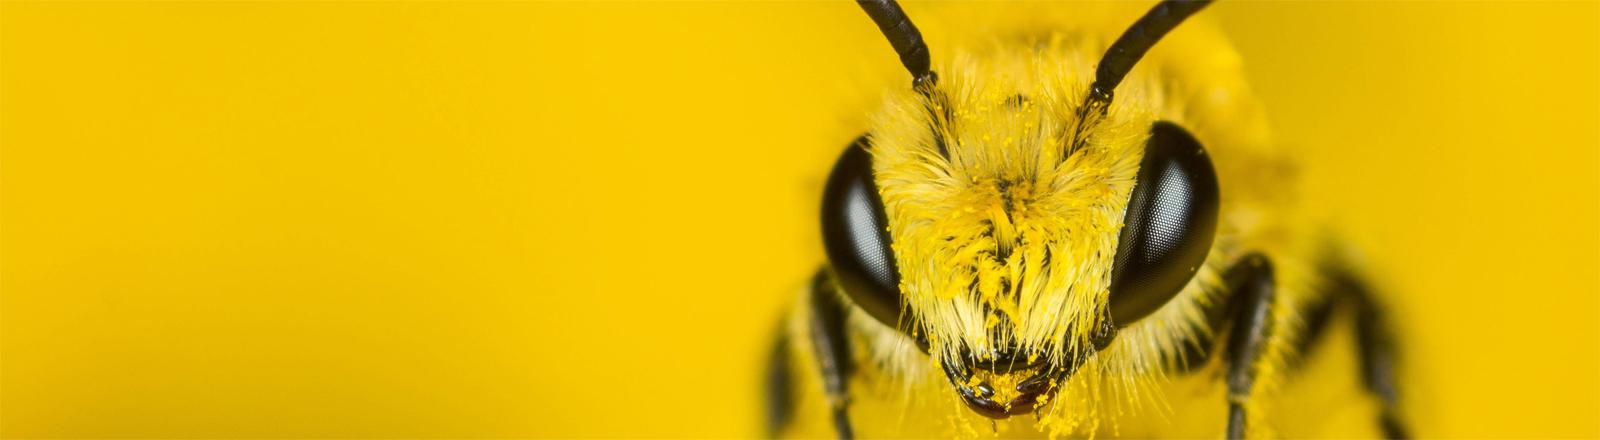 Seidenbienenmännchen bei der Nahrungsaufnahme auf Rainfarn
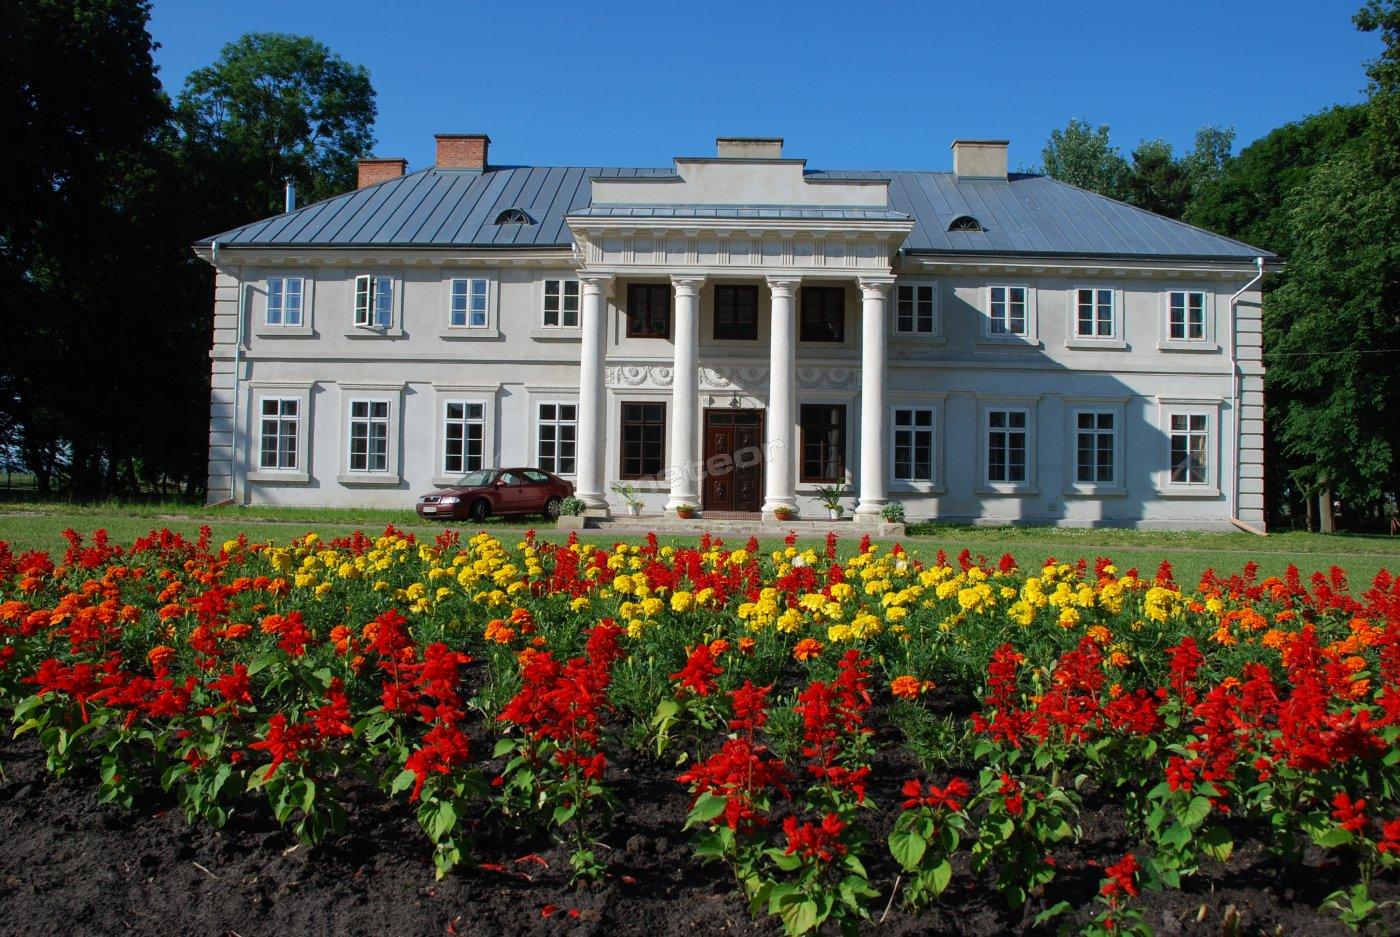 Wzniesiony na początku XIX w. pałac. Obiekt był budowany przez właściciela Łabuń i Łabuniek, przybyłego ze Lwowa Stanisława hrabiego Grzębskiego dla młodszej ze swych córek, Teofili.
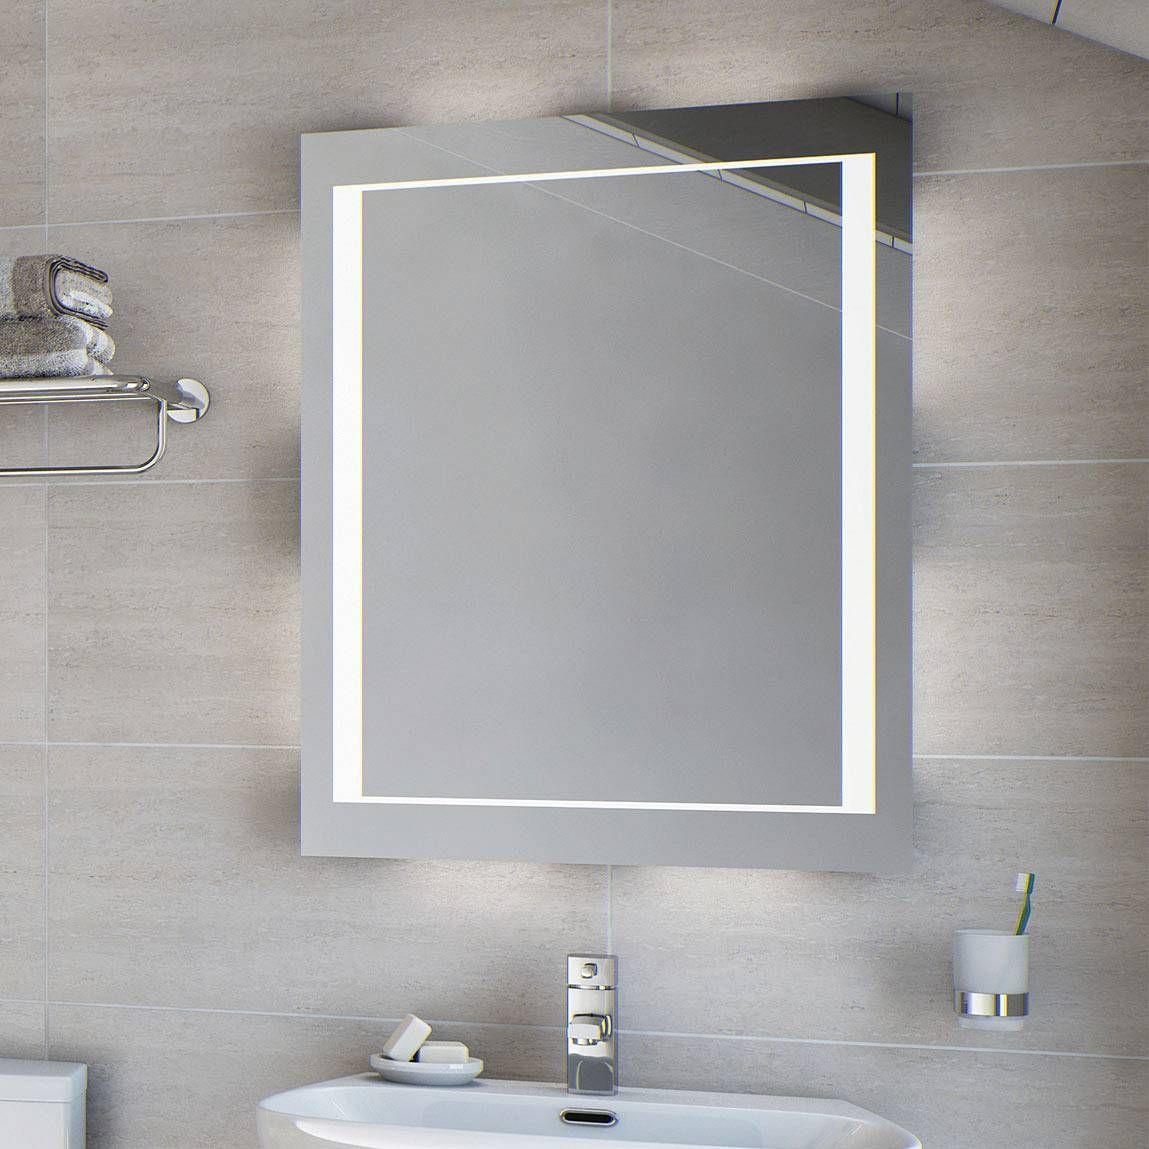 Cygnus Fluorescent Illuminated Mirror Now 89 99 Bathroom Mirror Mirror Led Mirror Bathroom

* * *

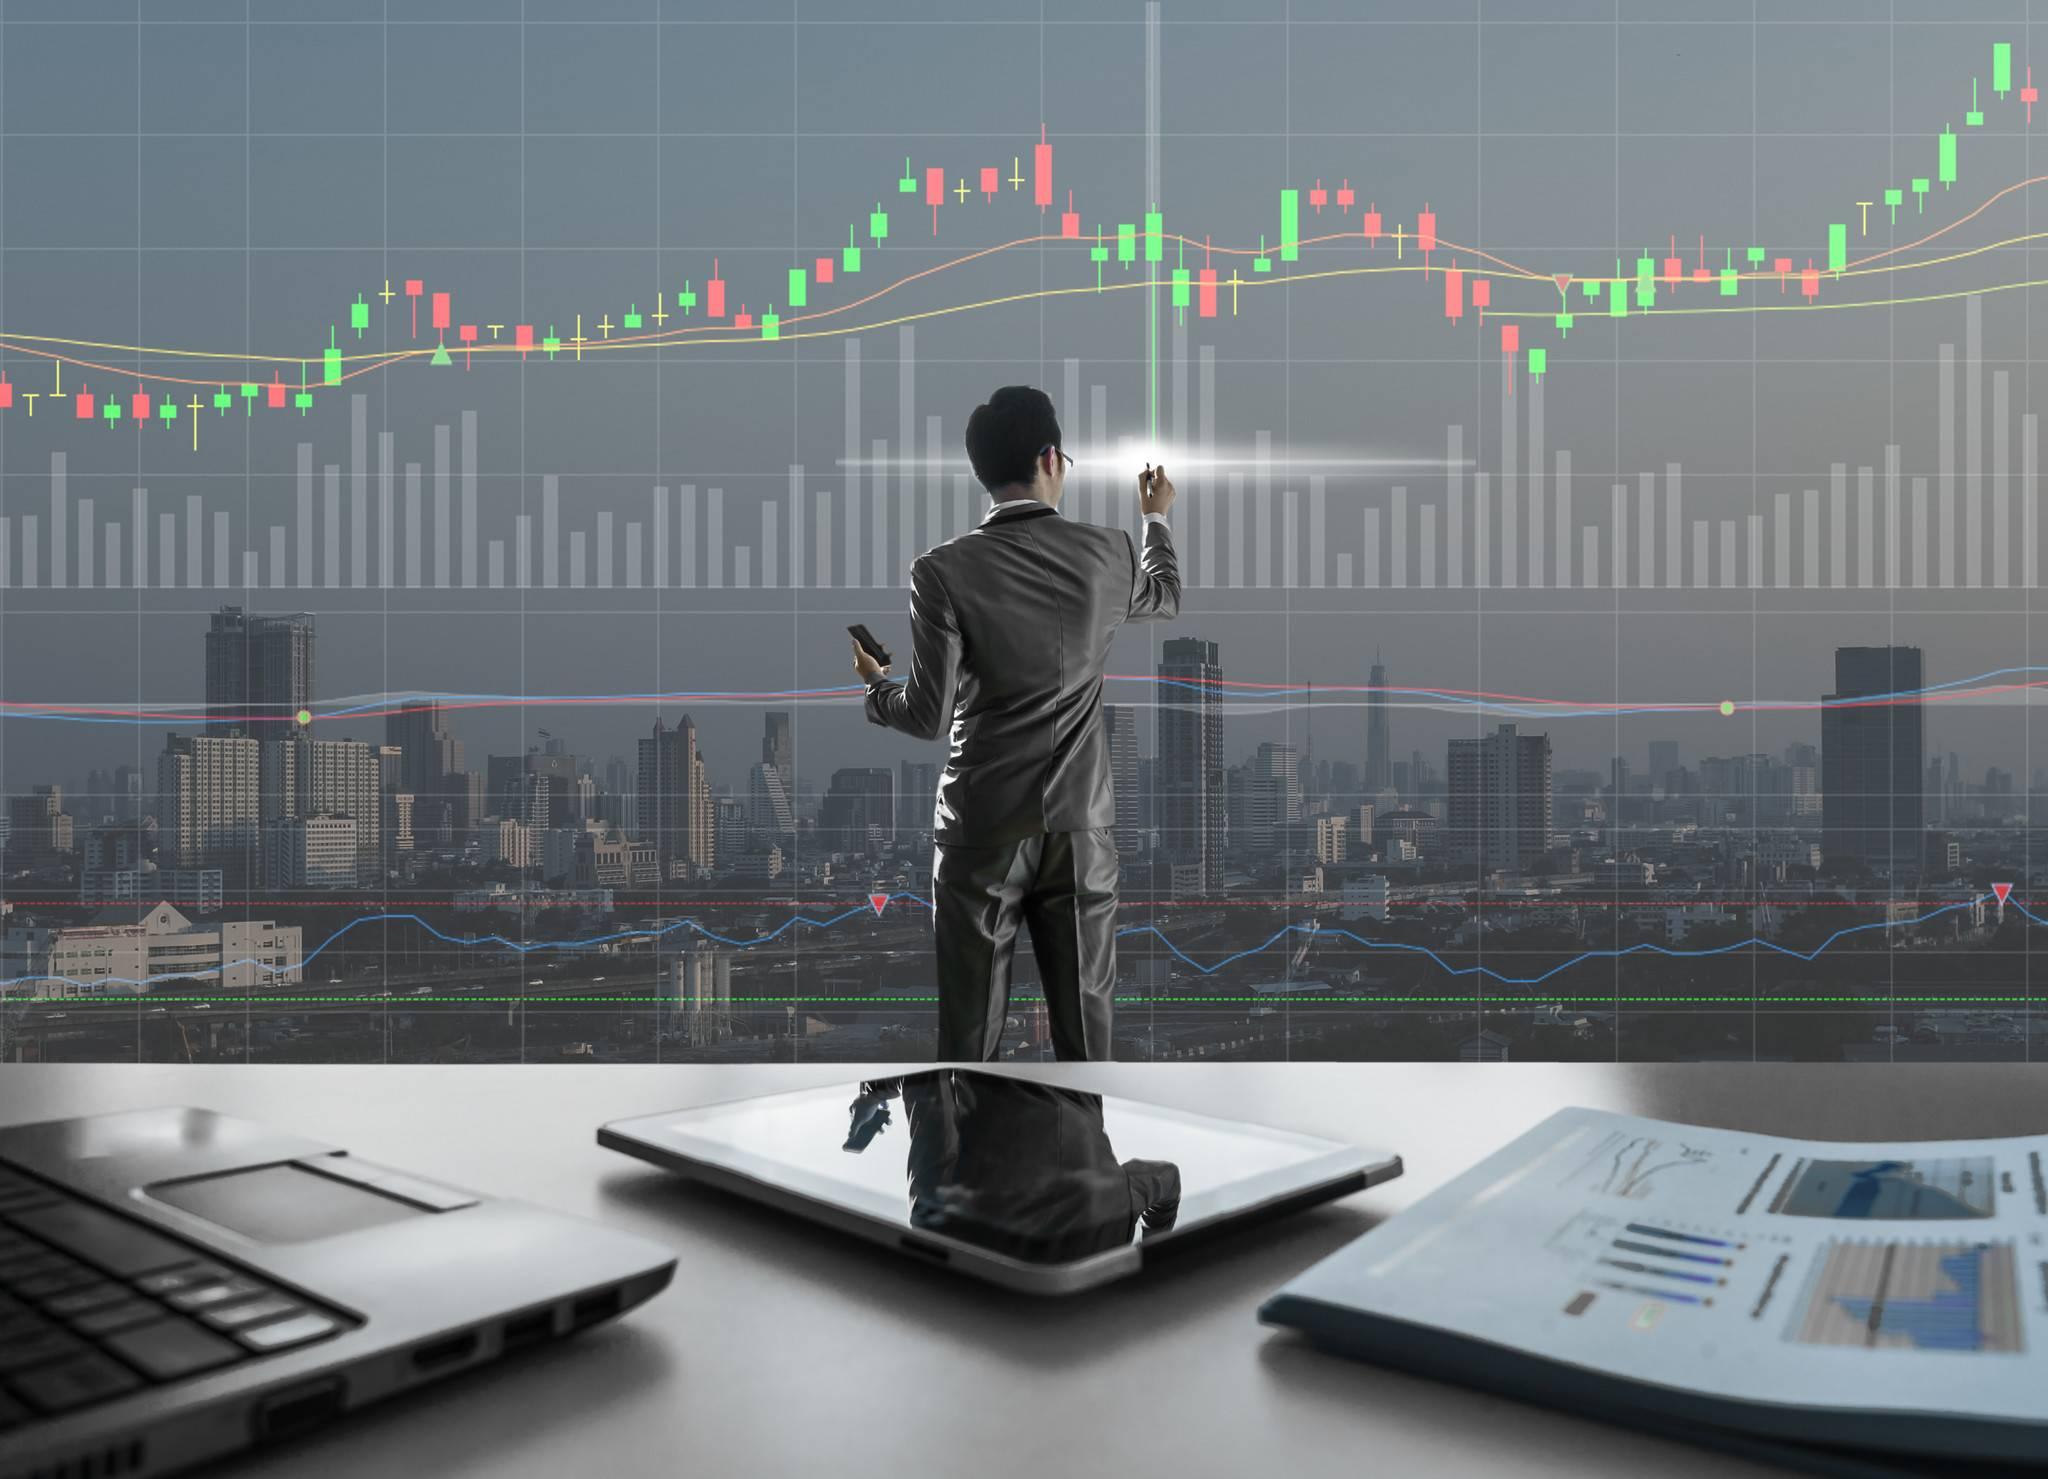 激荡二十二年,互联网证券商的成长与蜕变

WHAT IS REQUIRED -
Among the records above, locate the line containing "Seidenbienenmännchen bei der" and the line containing "Cygnus Fluorescent Illuminated", then transcribe exactly the lines starting at the first and ending at the second, with no pictures.

RESPONSE FOR THIS EXERCISE -
 Seidenbienenmännchen bei der Nahrungsaufnahme auf Rainfarn
 Wzniesiony na początku XIX w. pałac. Obiekt był budowany przez właściciela Łabuń i Łabuniek, przybyłego ze Lwowa Stanisława hrabiego Grzębskiego dla młodszej ze swych córek, Teofili.
 Cygnus Fluorescent Illuminated Mirror Now 89 99 Bathroom Mirror Mirror Led Mirror Bathroom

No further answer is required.